**Instructions to follow**
All lines from the one containing "Veste en cuir REDSKINS Rouge, bordeaux" through the last line of the listing below are to be copied exactly. Exclude the pictures.

**Provided data**
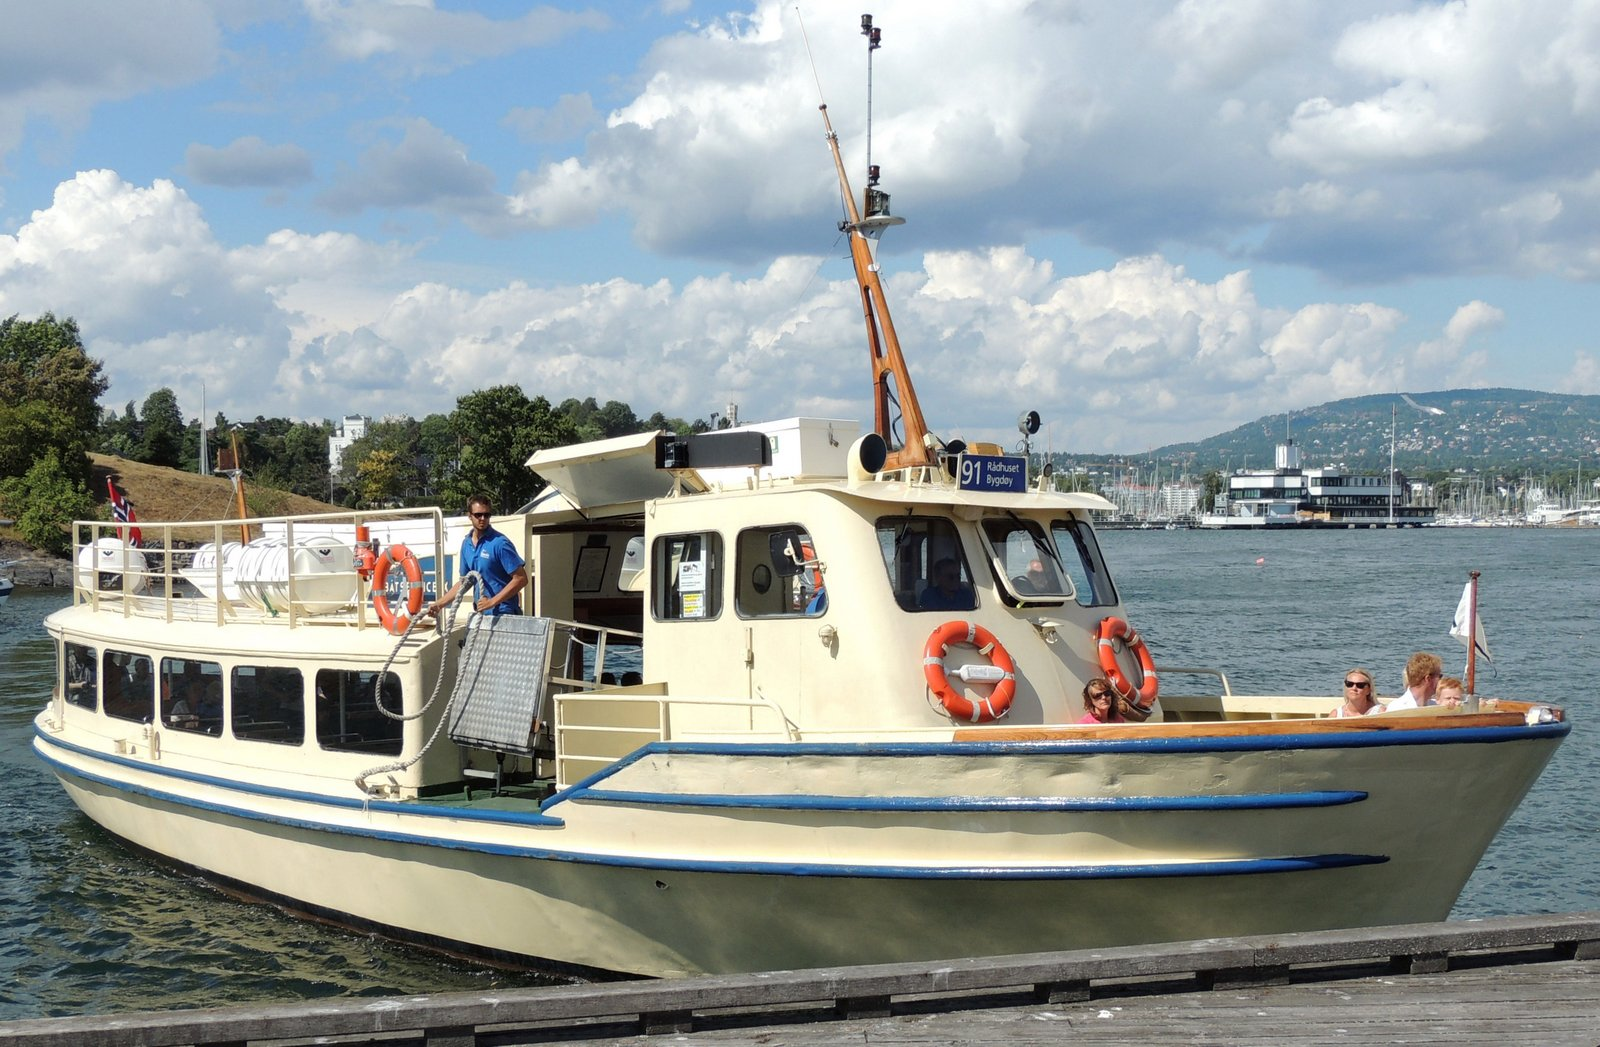 Linienboot Rathauskai - Bygdøy
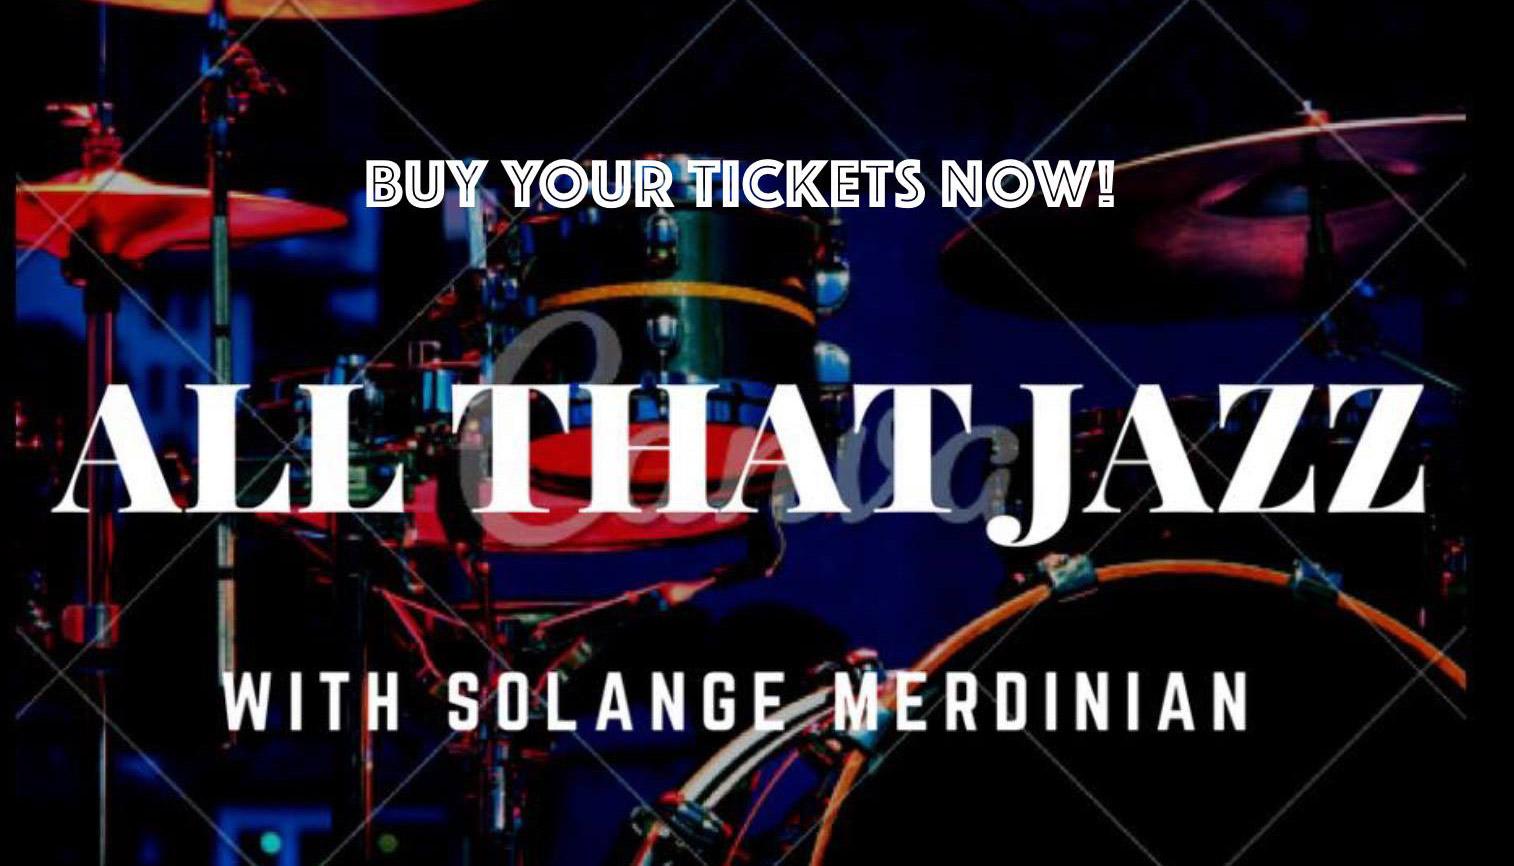 All that Jazz with Solange  Merdinian – London, UK
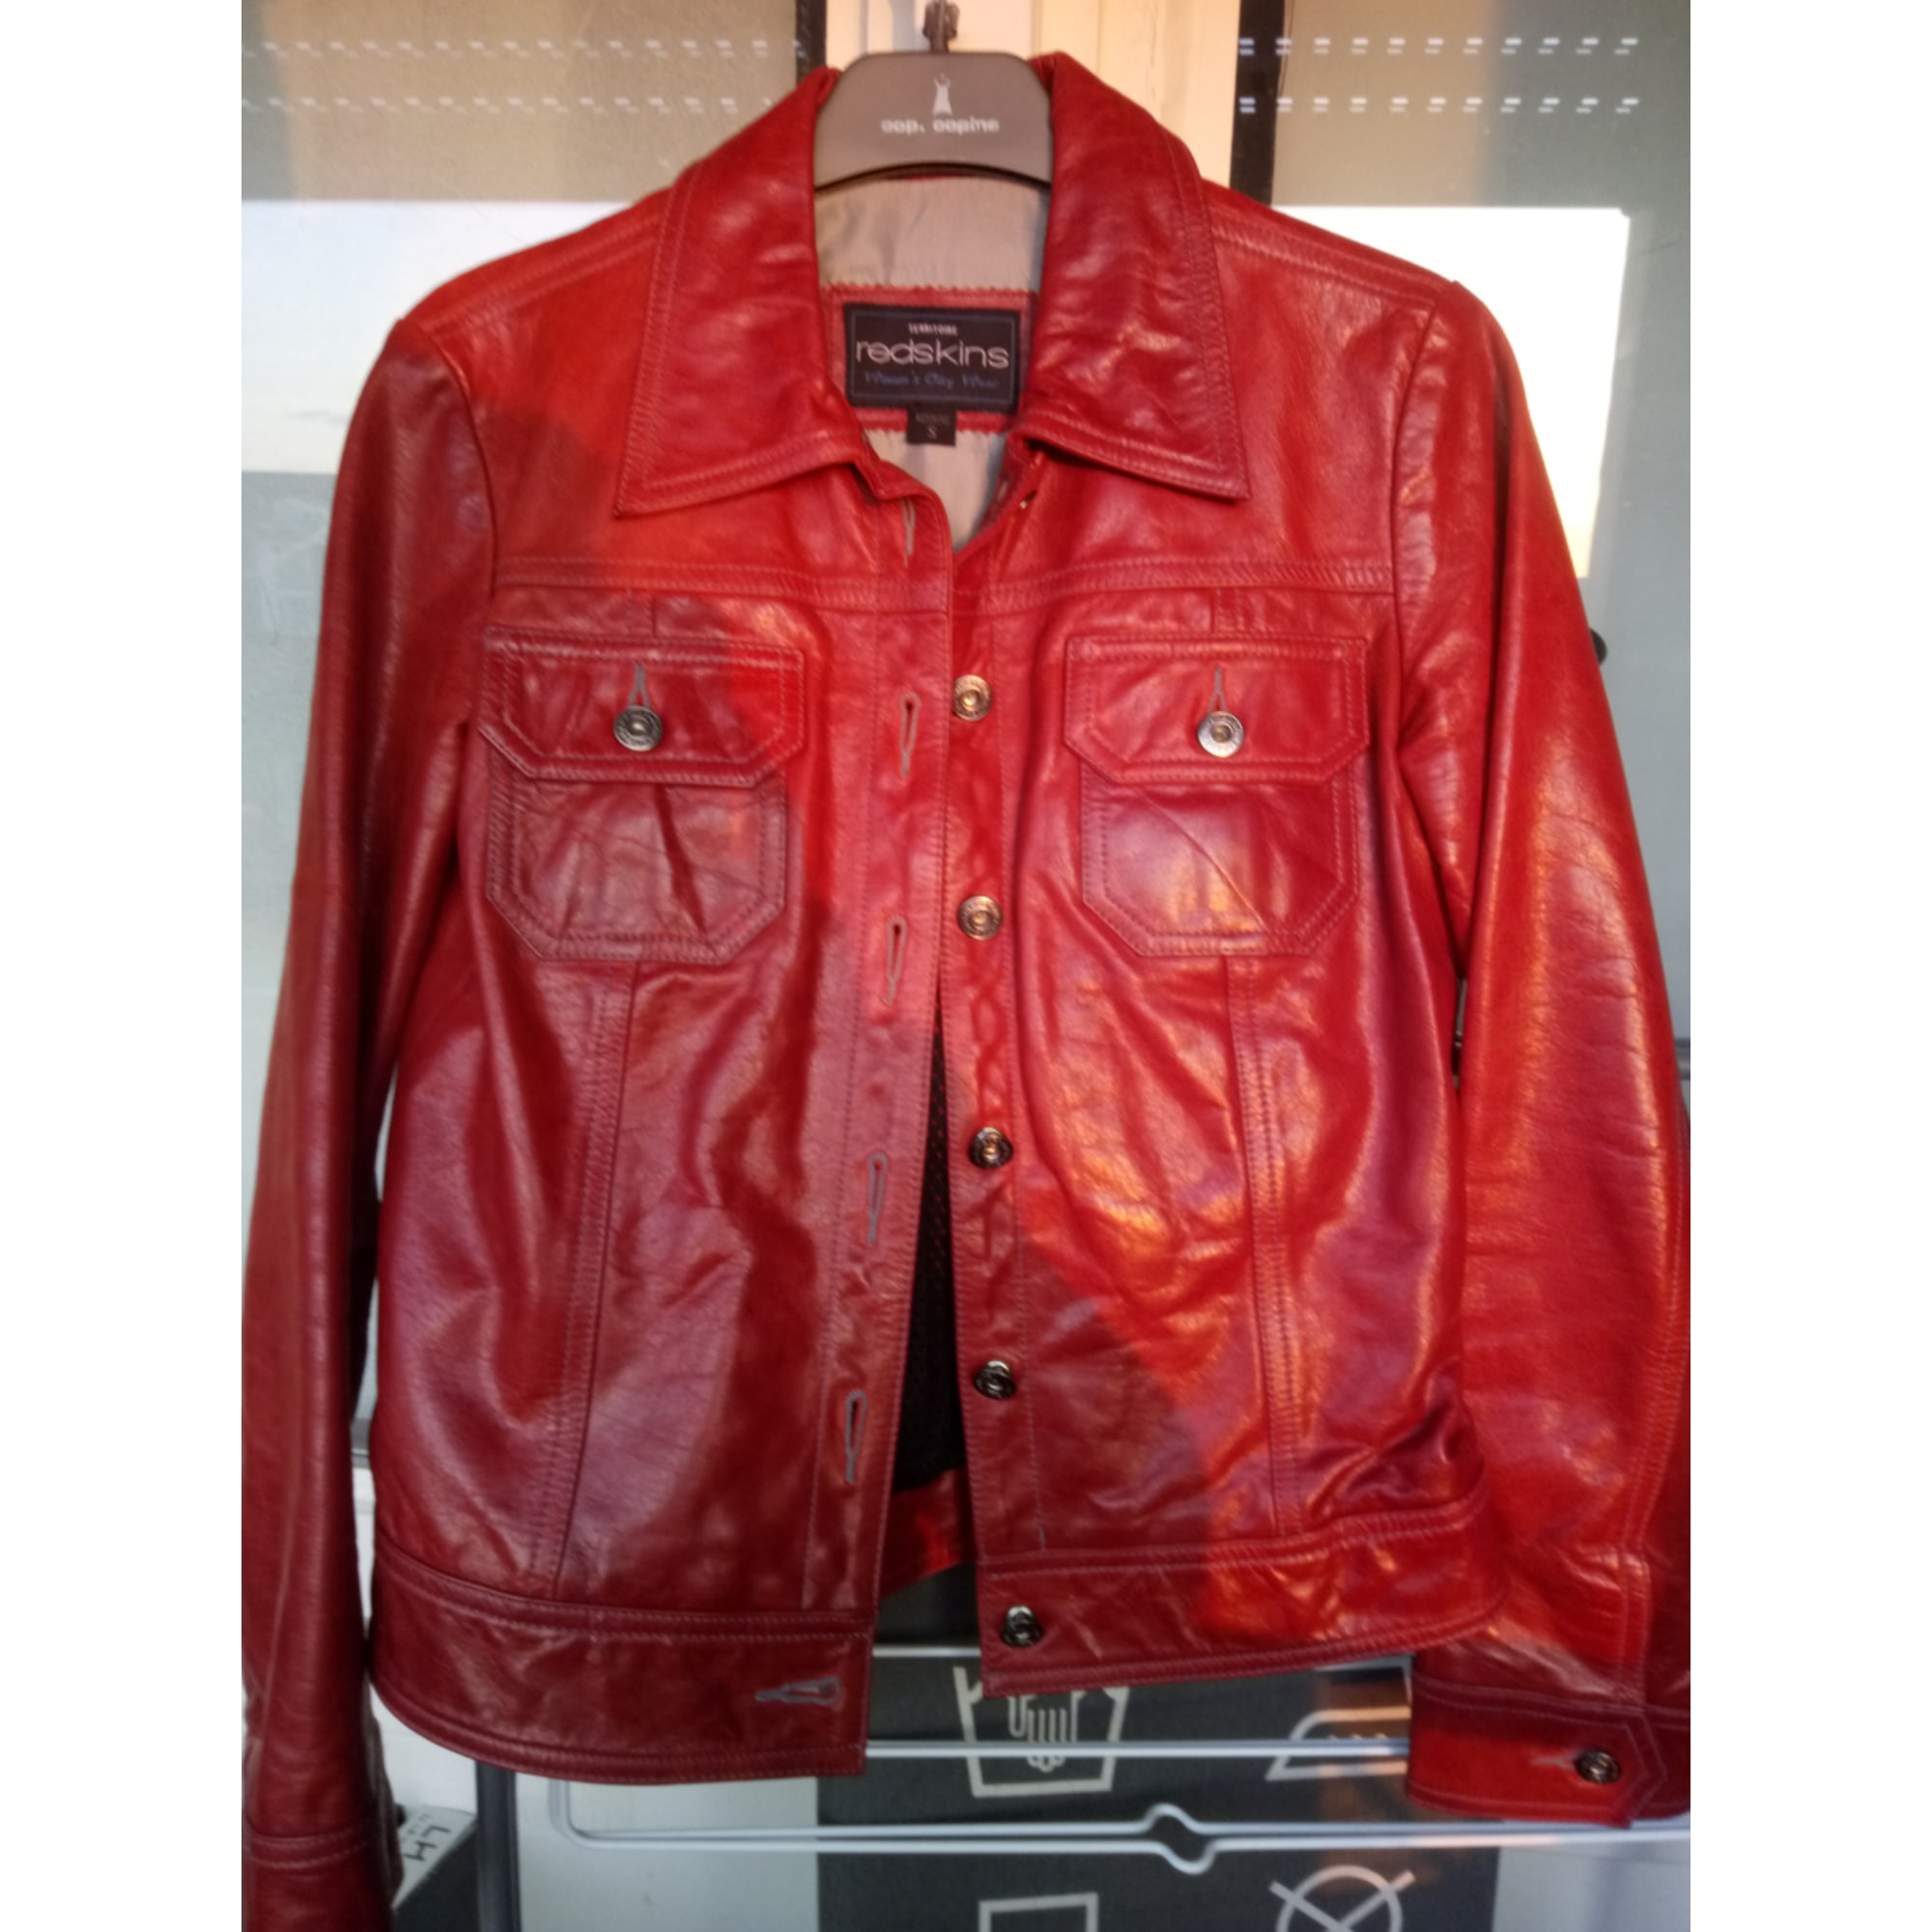 Veste en cuir REDSKINS Rouge, bordeaux
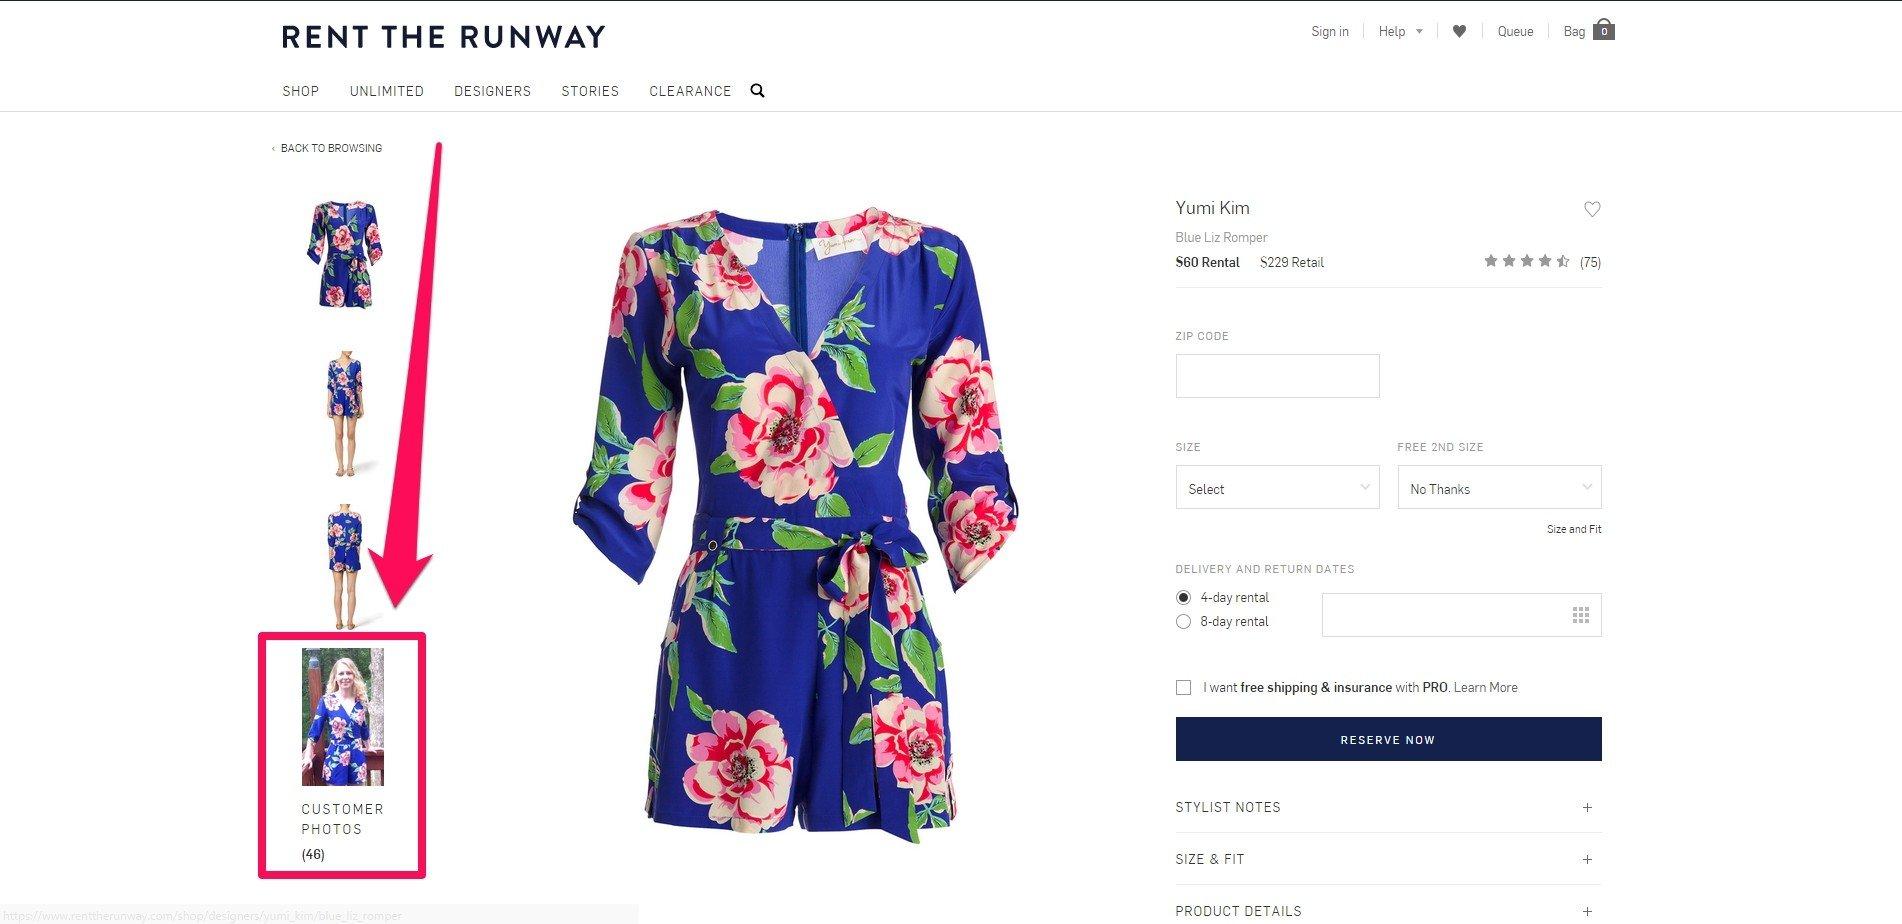 rent the runway's customer photos image

**Answer to this problem**
 Veste en cuir REDSKINS Rouge, bordeaux
 rent the runway's customer photos image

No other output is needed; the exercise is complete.